As Câmaras Municipais e Juntas de Freguesia dão trabalho a 15.549 pessoas com vínculos precários, anunciou esta tarde o ministro da Administração Interna, Eduardo Cabrita. O levantamento destas situações de trabalho precário nas autarquias foi concluído "esta semana" e identificou situações de trabalho completo com vínculos precários em 298 municípios (num total de 308) e em 1.872 freguesias (em 3.092).

 
Ou seja, quase todos os municípios têm trabalhadores precários, situação que se verifica em mais de metade das freguesias.
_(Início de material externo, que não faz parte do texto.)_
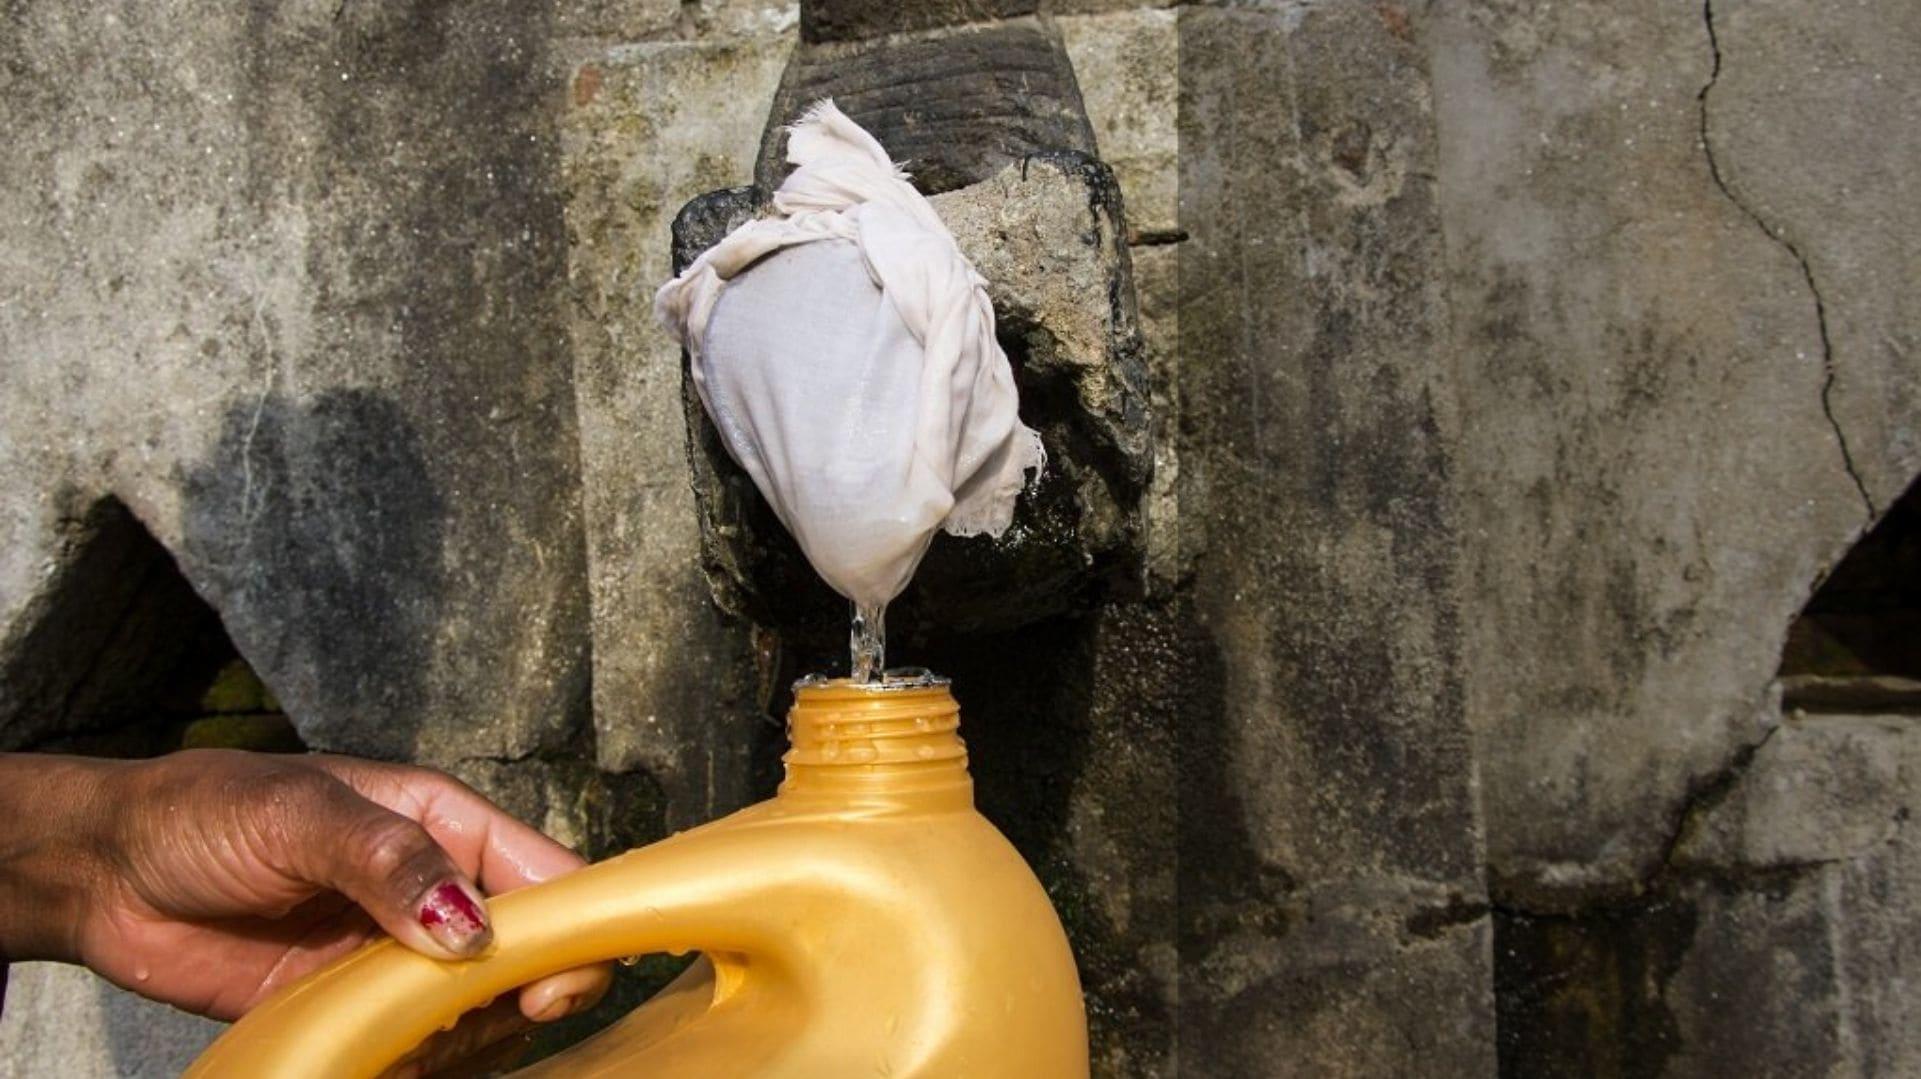 Coronavirus Outbreak: In Kathmandu, ancient stone water spouts offer solace during lockdown
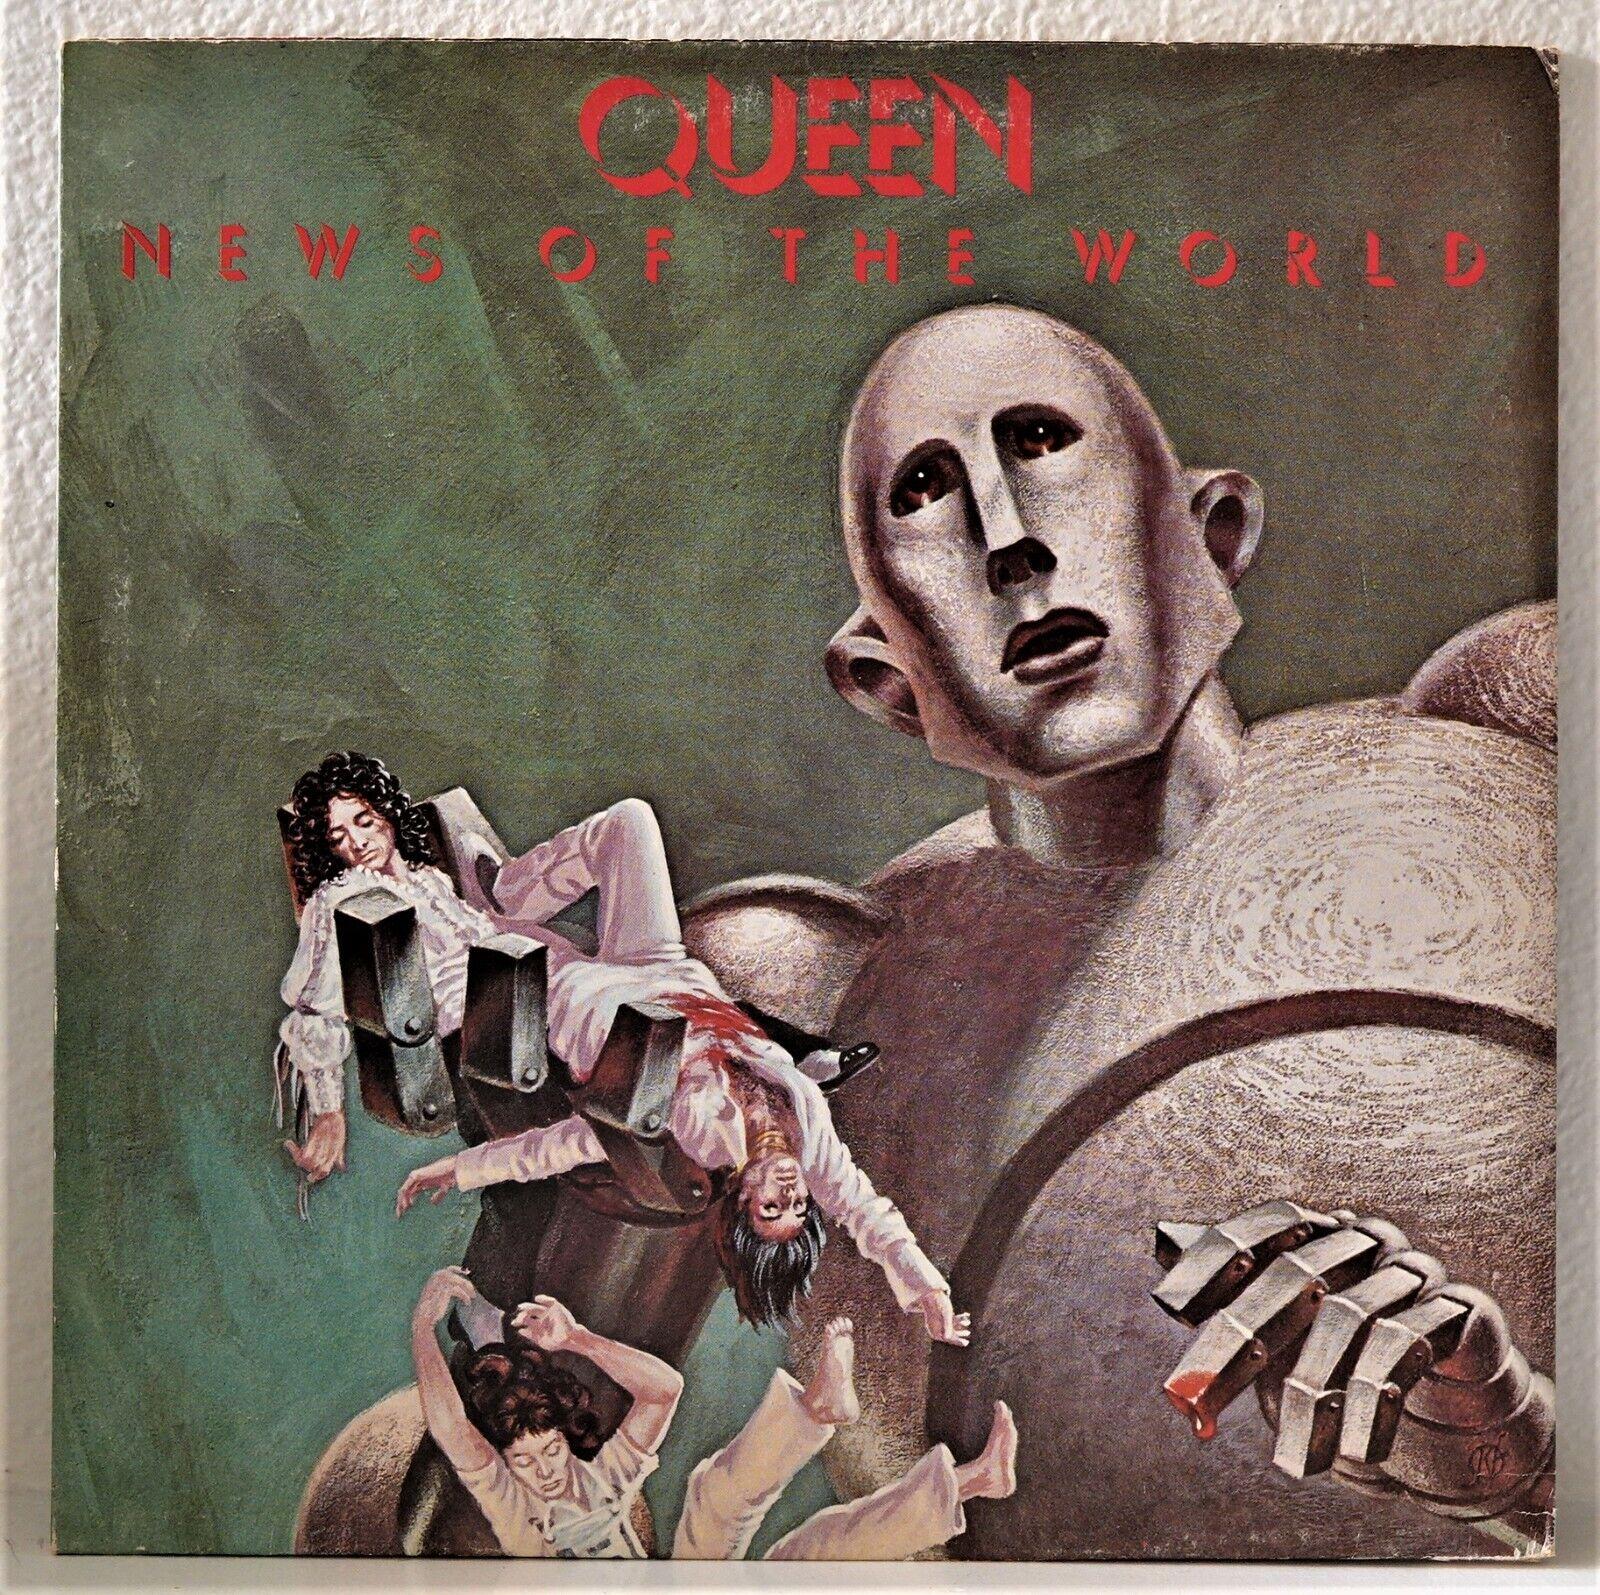 Queen - News Of The World Vinyl LP UK First Pressing 1977 EX Vinyl  - $28.00

O levantamento levado a cabo pelos municípios e freguesias permitiu "identificar 3.607 situações de trabalho com contrato a termo, 4.667 situações de exercício de funções com prestações de serviços", que são os "chamados recibos verdes", e ainda "7.275 contratos de emprego-inserção". No total, são 15.549 as pessoas que trabalham a tempo inteiro nas câmaras municipais mas que têm vínculos precários.

 

Estes funcionários irão beneficiar "das regras que estão definidas" para a Administração Central, reiterou o ministro, tal como já havia dito em Abril. Contudo, a decisão sobre quem é que é integrado nos quadros ou não ficará a cabo de cada autarquia. "Há uma avaliação caso a caso que tem de ser feita à escala local, porque a autonomia local não permitirá que existam as comissões paritárias com intervenção governamental". Isso "seria uma grosseira violação da autonomia local", sinalizou.

 

É, por isso, "no âmbito das autarquias que será necessário encontrar os mecanismos de resposta a estas situações de vínculos não permanentes e de trabalho permanente".

 

No Estado já foram identificados cerca de 116 mil vínculos temporários. O Governo abriu um Programa de Regularização Especial de Vínculos Precários na Administração Pública (Prevpap) em Maio e Junho para regularizar estas situações, ao qual chegaram apenas 30 mil candidaturas. O Executivo decidiu, entretanto, lançar uma segunda fase que abriu no passado dia 6 de Novembro e que termina amanhã, dia 17.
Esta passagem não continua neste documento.